Tandaseru – Provinsi Maluku Utara resmi memiliki Doktor Ilmu Gizi murni (spesifikasi gizi olahraga) pertama. Prestasi membanggakan ini diraih Dr. Fahmi Abdul Hamid, SKM, M.Si, yang baru saja menyelesaikan studi doktoralnya di Fakultas Kedokteran dan Ilmu Gizi IPB University dengan predikat Sangat Memuaskan.

Dosen Jurusan Gizi Poltekkes Kemenkes Ternate ini berhasil mempertahankan disertasinya yang berjudul “Efikasi Kudapan (Bakso) Berbahan Ikan Terhadap Status Gizi dan Kebugaran Anak Sekolah Sepak Bola”. Riset tersebut menyoroti pentingnya spesialisasi gizi olahraga, sebuah bidang yang masih sangat langka namun krusial bagi pengembangan atlet.

Kepada tandaseru.com, pria kelahiran Ternate, 20 Februari 1983 ini menekankan Maluku Utara memiliki potensi atlet yang luar biasa di berbagai cabang seperti sepak bola, tinju, hingga atletik. Namun, prestasi tersebut sulit dicapai tanpa dukungan sport science, terutama dari aspek gizi.

“Masalah gizi olahraga adalah fondasi utama. Parameter fisik seperti tinggi badan, berat badan, dan massa otot berpengaruh langsung terhadap ketahanan fisik (endurance) atlet,” ujar lulusan Magister Ilmu Gizi Masyarakat IPB University tersebut.

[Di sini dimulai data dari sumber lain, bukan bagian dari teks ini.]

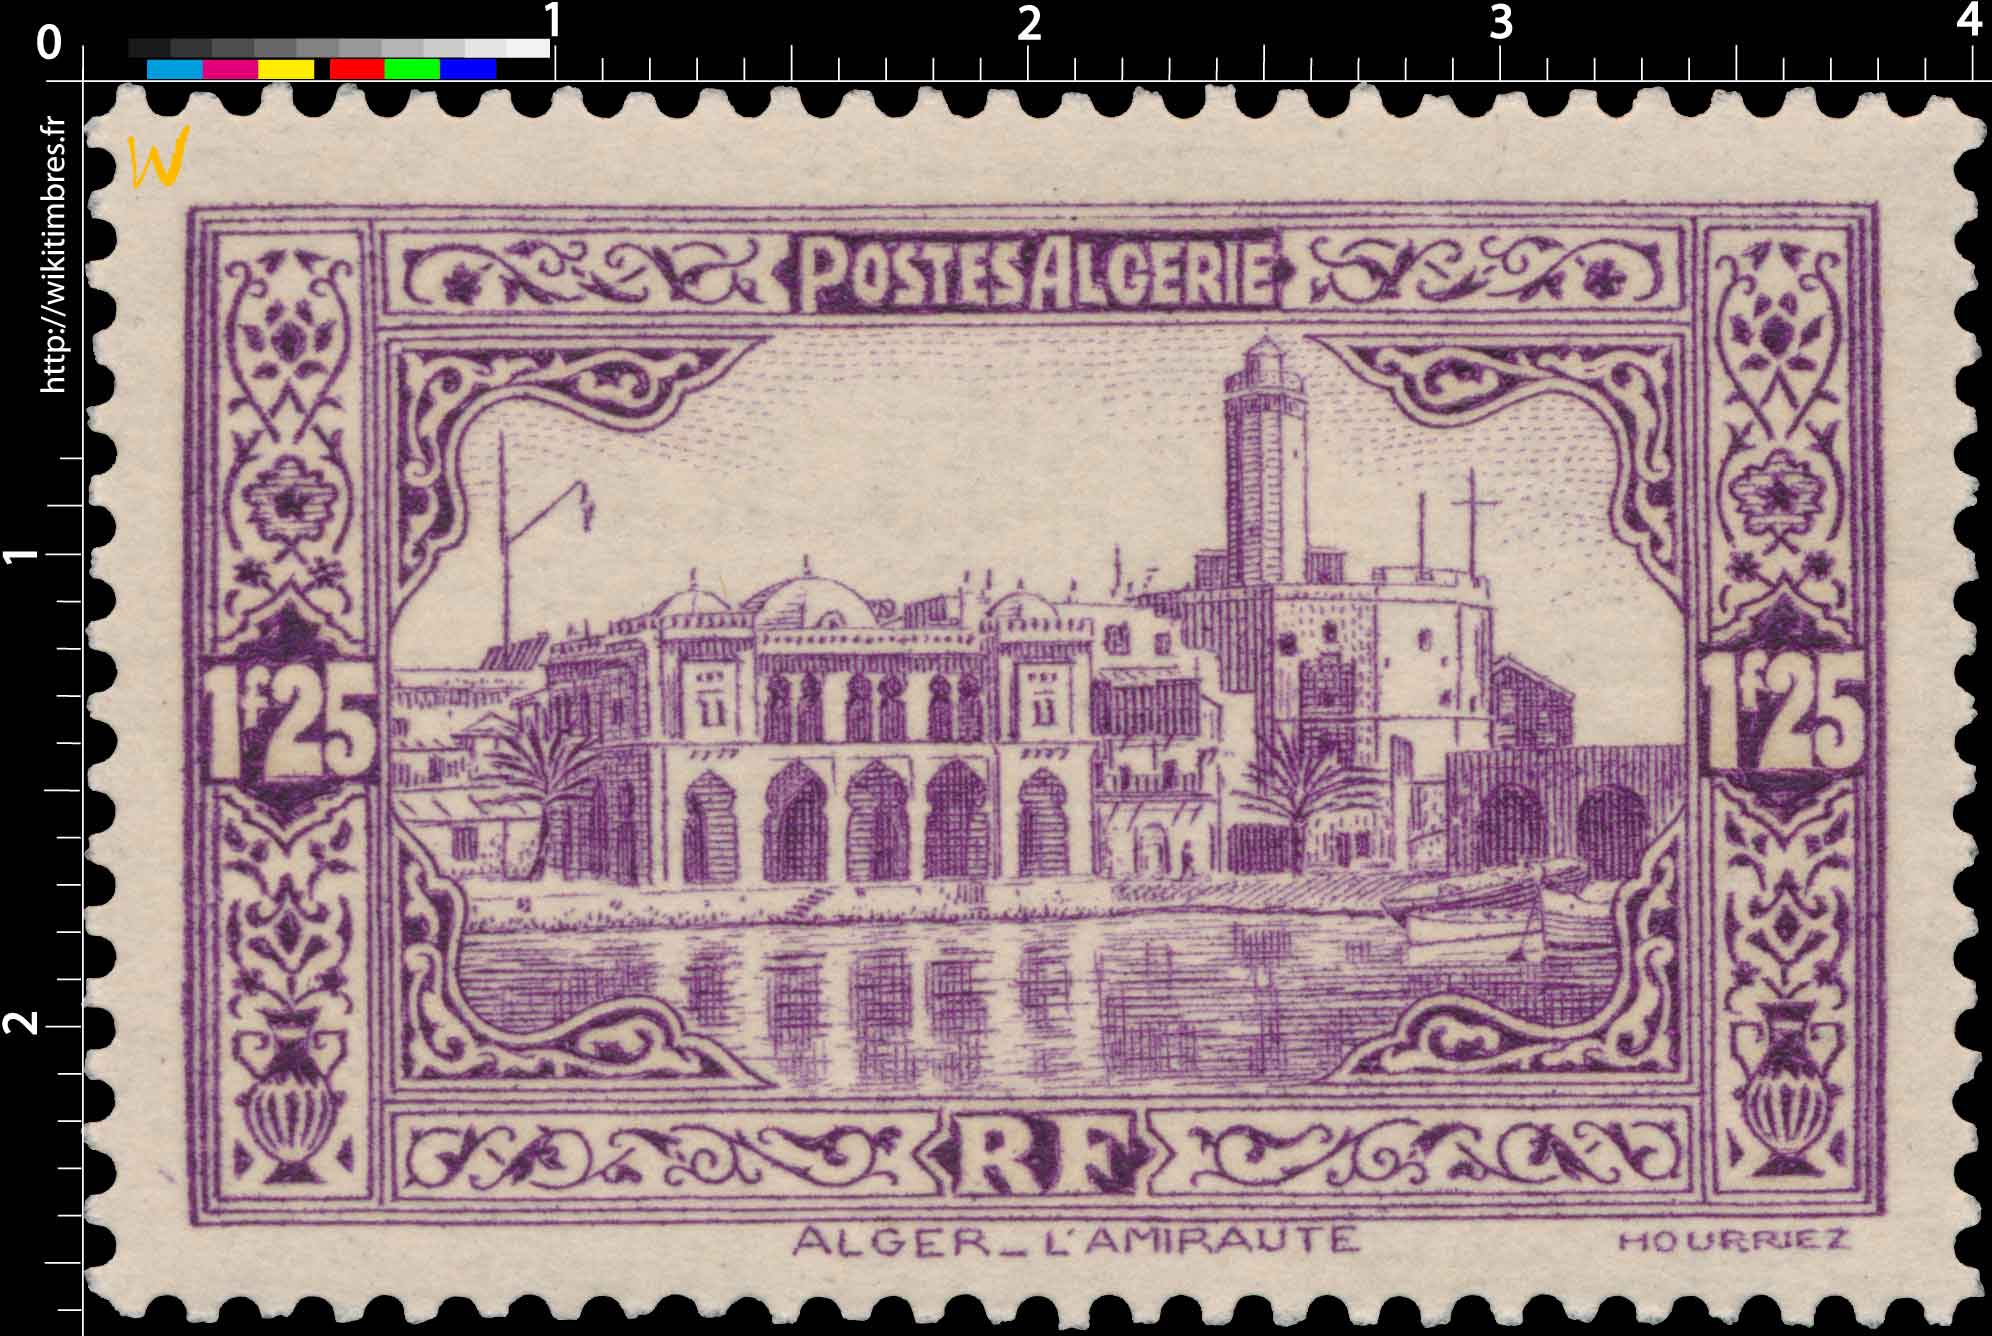 Algérie - Alger L'Amirauté

Dorong Pemanfaatan Pangan Lokal

Dr. Fahmi menawarkan solusi strategis melalui pemanfaatan pangan lokal untuk memenuhi nutrisi atlet. Menurut suami Julaiha Hi Yunus ini, penggunaan bahan pangan lokal lebih efektif karena sesuai dengan pola asupan dan kebiasaan makan masyarakat setempat, sehingga lebih mudah diterima para atlet di daerah.

Langkah ini dinilai sejalan dengan Peraturan Presiden (Perpres) Nomor 86 Tahun 2021 tentang Desain Besar Olahraga Nasional (DBON). Dr. Fahmi berharap riset berbasis data yang ia lakukan dapat menjadi bahan evaluasi strategis bagi arah pengembangan olahraga di Maluku Utara.

Momentum Porprov dan Pekan Olahraga Pelajar

Kehadiran pakar gizi olahraga pertama di Maluku Utara ini menjadi momentum tepat menyambut Pekan Olahraga Provinsi (Porprov) serta Pekan Olahraga Pelajar yang akan berlangsung di Kabupaten Halmahera Utara dan Kabupaten Kepulauan Morotai.

Ia berharap ke depannya pembinaan atlet di Maluku Utara tidak lagi hanya mengandalkan bakat alam, tetapi diperkuat dengan pendekatan teknologi dan ilmu gizi yang terukur.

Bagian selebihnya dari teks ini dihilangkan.